Stored data entries
╔══
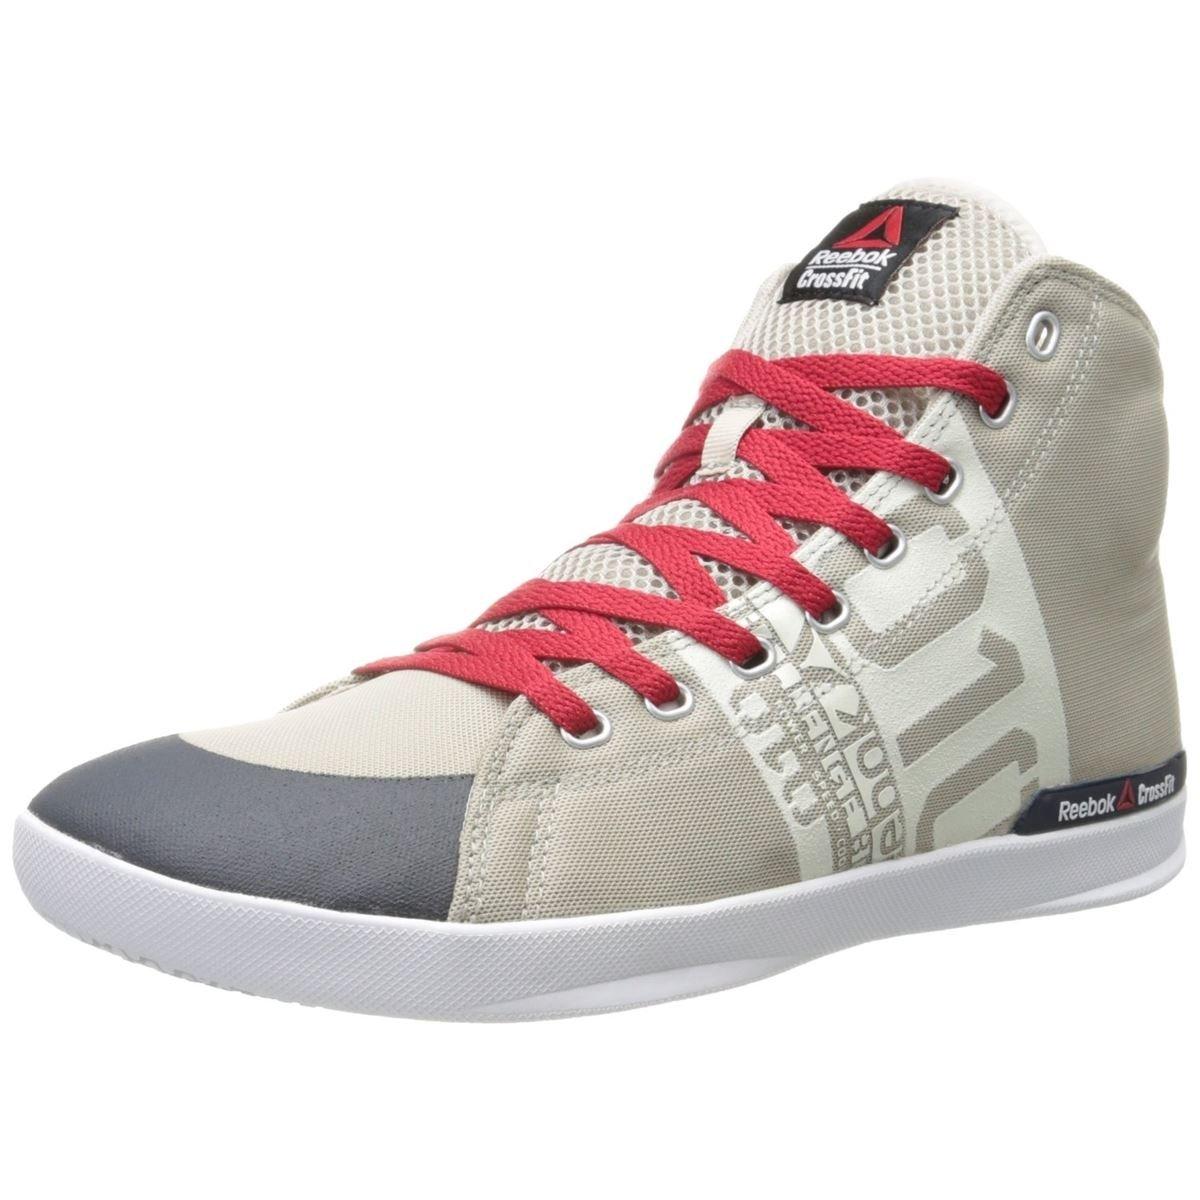 Zapatillas de entrenamiento Reebok Crossfit Lite TR, de polipiel, con empeine alto, para hombre, color, talla 43 EU: Amazon.es: Zapatos y complementos
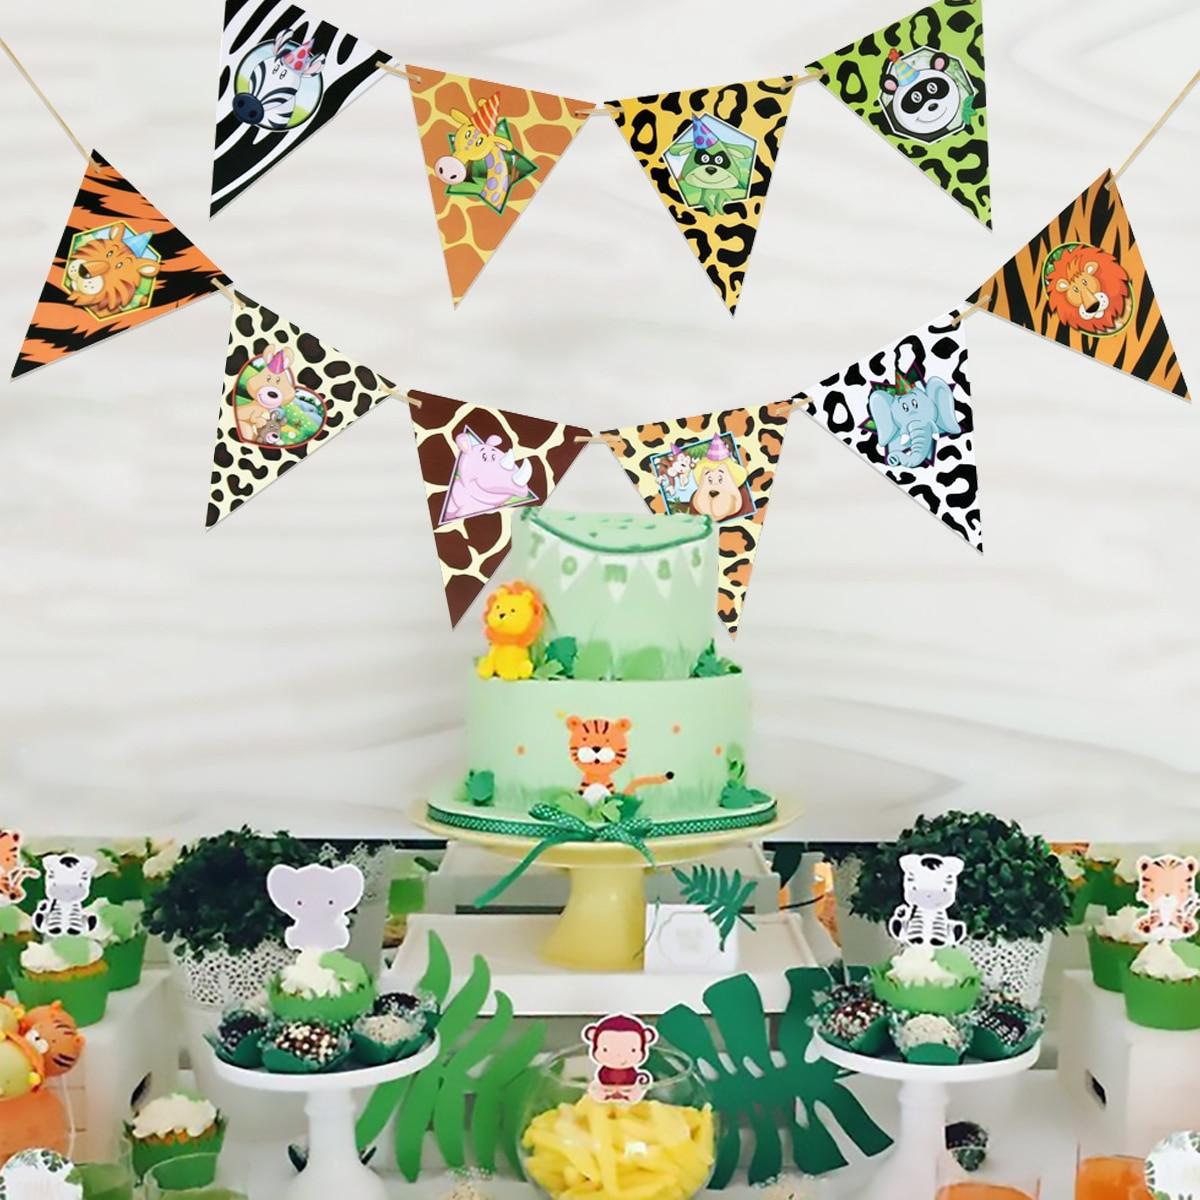 Safari festa de aniversário animais selva banner bolo toppers cupcake decoração feliz aniversário decorações festa de aniversário crianças favores menino
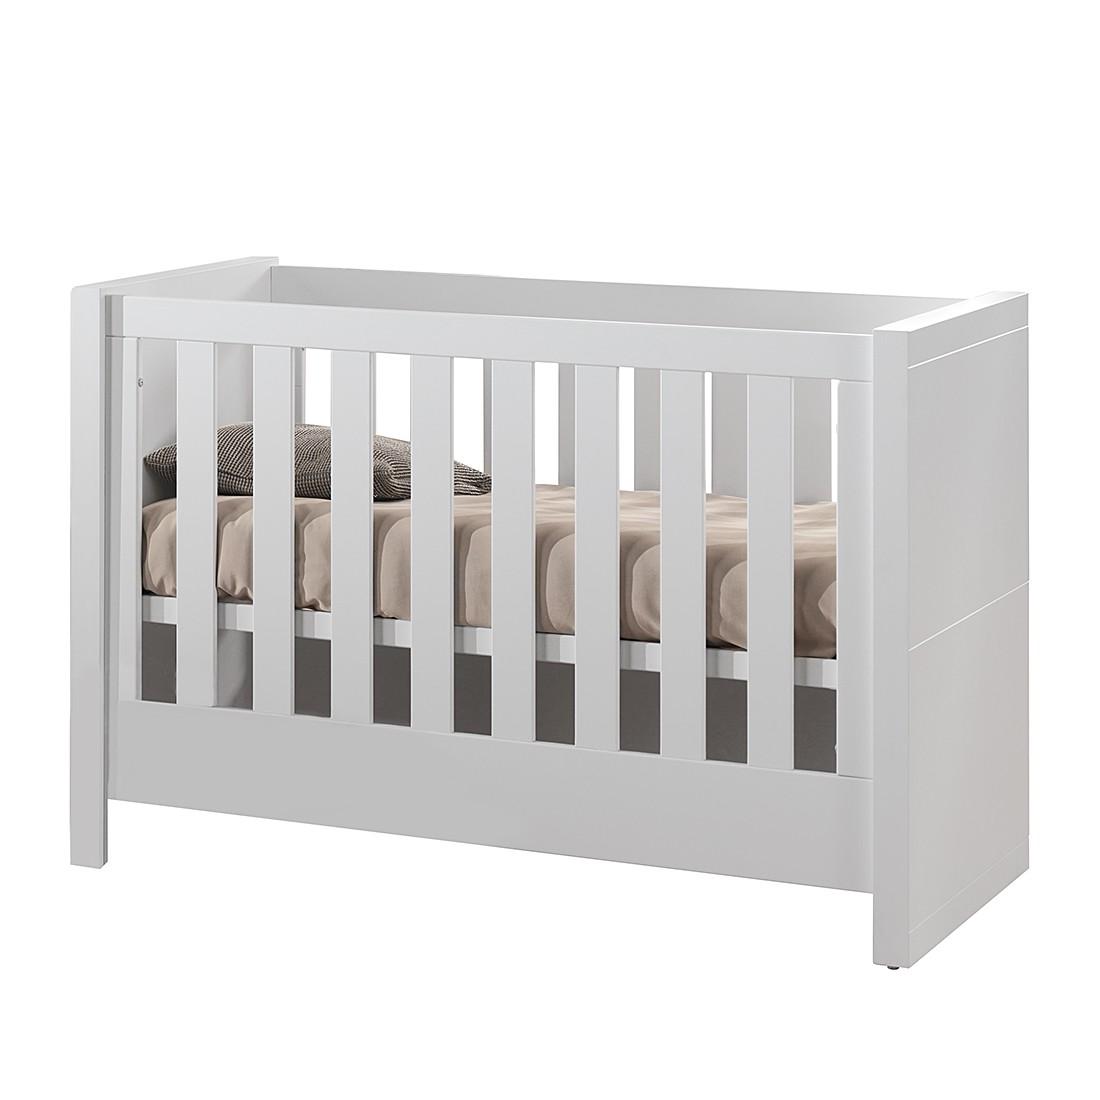 babybett mit rollen preisvergleich die besten angebote online kaufen. Black Bedroom Furniture Sets. Home Design Ideas
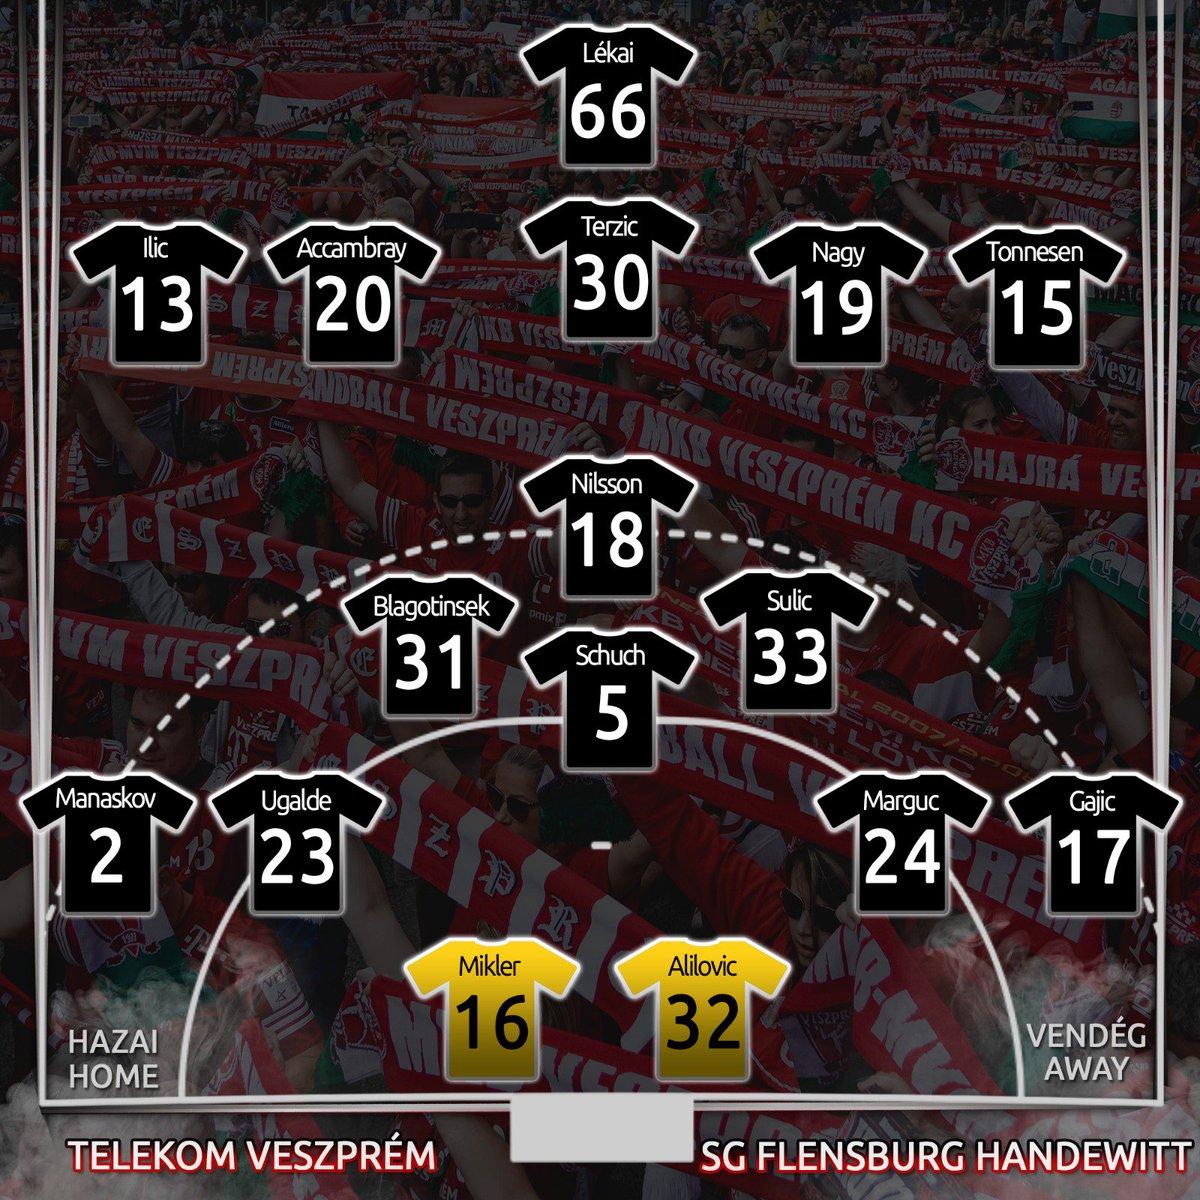 Here is our squad for the game against @SGFleHa in the @ehfcl! #HandballCity #WeAreVeszprem https://t.co/2BasKJnHRn
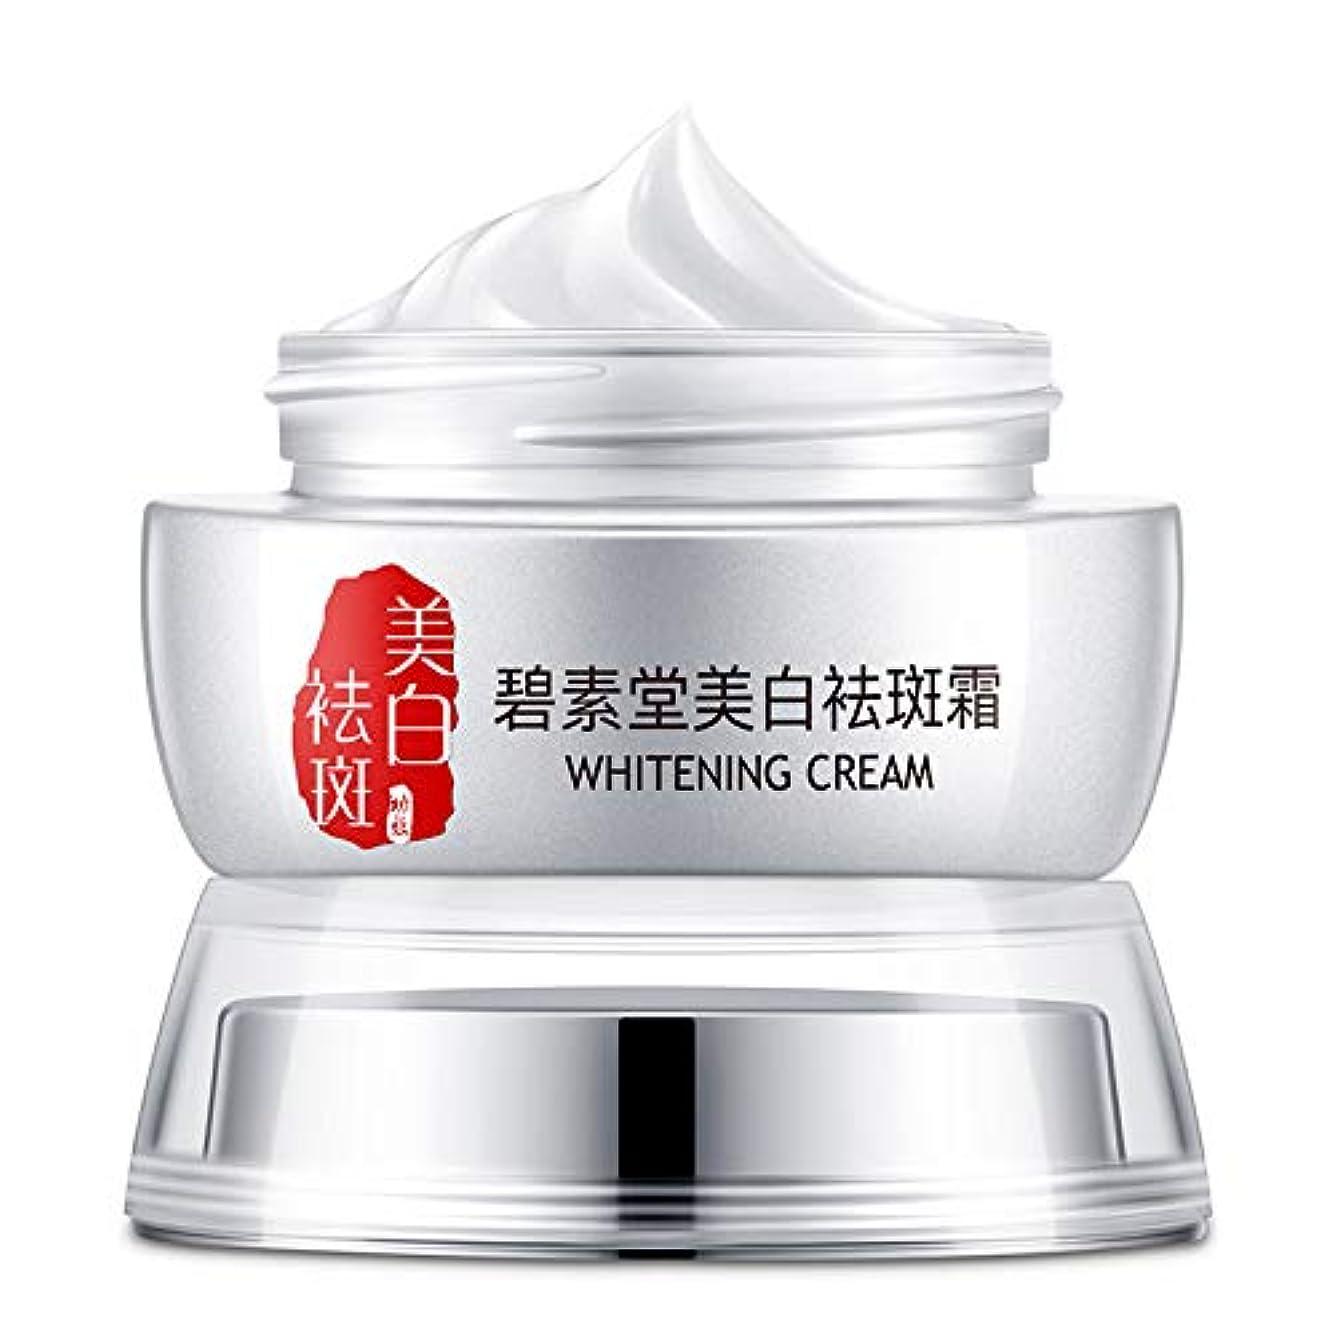 スピーカー電子レンジ漏斗Symboat Face Skin Whitening Remove Freckle Spot Cream Moisturizers Skin Clean Face Dark Spots Cosmetics
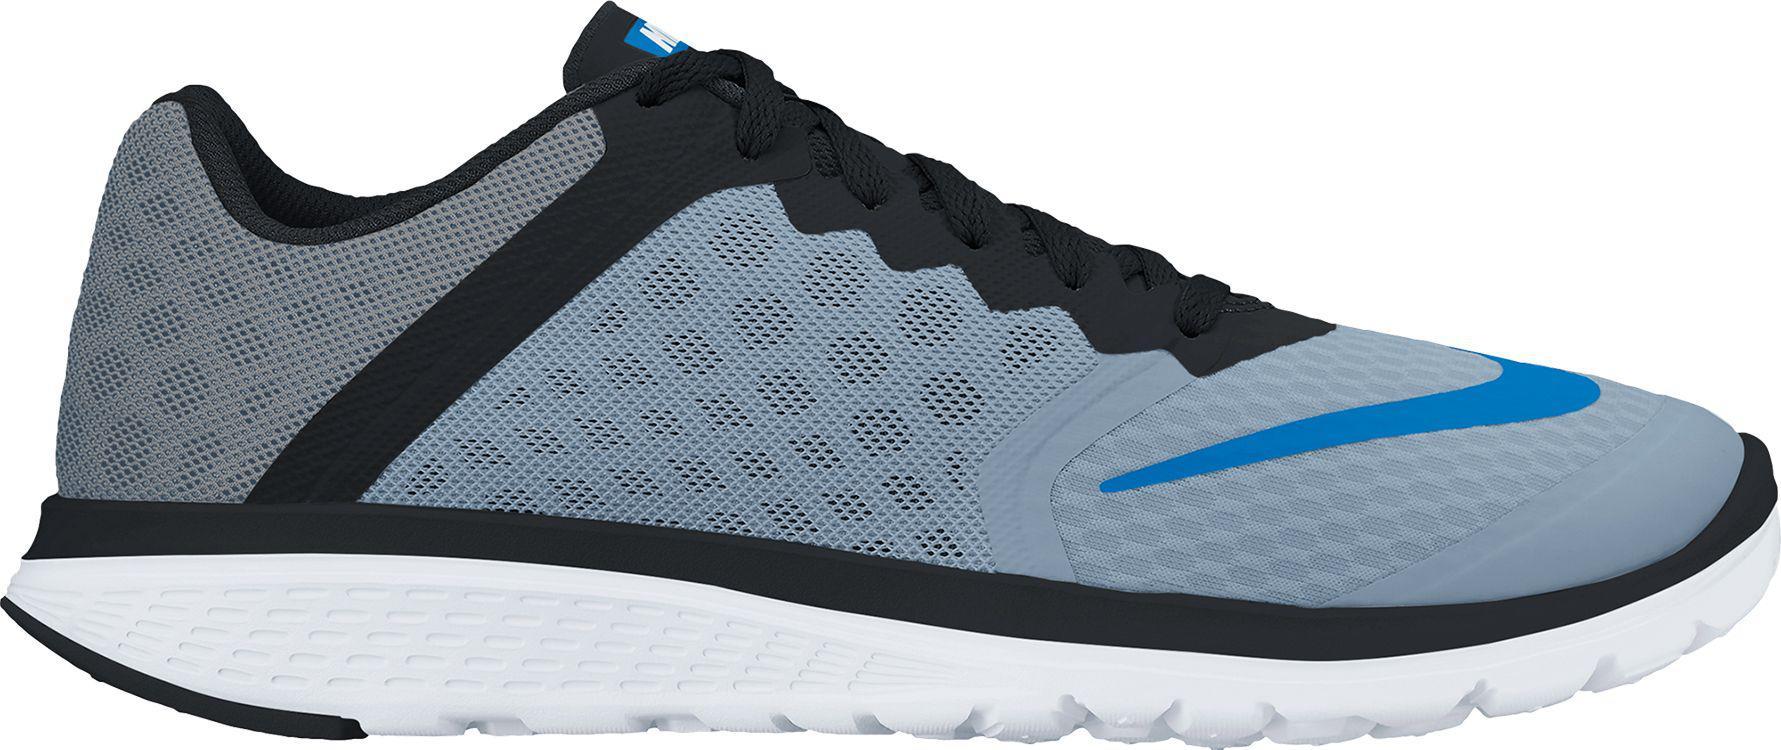 16250643087e58 Nike - Multicolor Fs Lite Run 3 Running Shoes for Men - Lyst
╚══
Work order
Up to and including the line containing "スピーカー電子レンジ漏斗Symboat Face Skin", repeat every line from the start of the data, but none of the pictures.

Task answer
 Zapatillas de entrenamiento Reebok Crossfit Lite TR, de polipiel, con empeine alto, para hombre, color, talla 43 EU: Amazon.es: Zapatos y complementos
 Safari festa de aniversário animais selva banner bolo toppers cupcake decoração feliz aniversário decorações festa de aniversário crianças favores menino
 babybett mit rollen preisvergleich die besten angebote online kaufen. Black Bedroom Furniture Sets. Home Design Ideas
 Here is our squad for the game against @SGFleHa in the @ehfcl! #HandballCity #WeAreVeszprem https://t.co/2BasKJnHRn
 スピーカー電子レンジ漏斗Symboat Face Skin Whitening Remove Freckle Spot Cream Moisturizers Skin Clean Face Dark Spots Cosmetics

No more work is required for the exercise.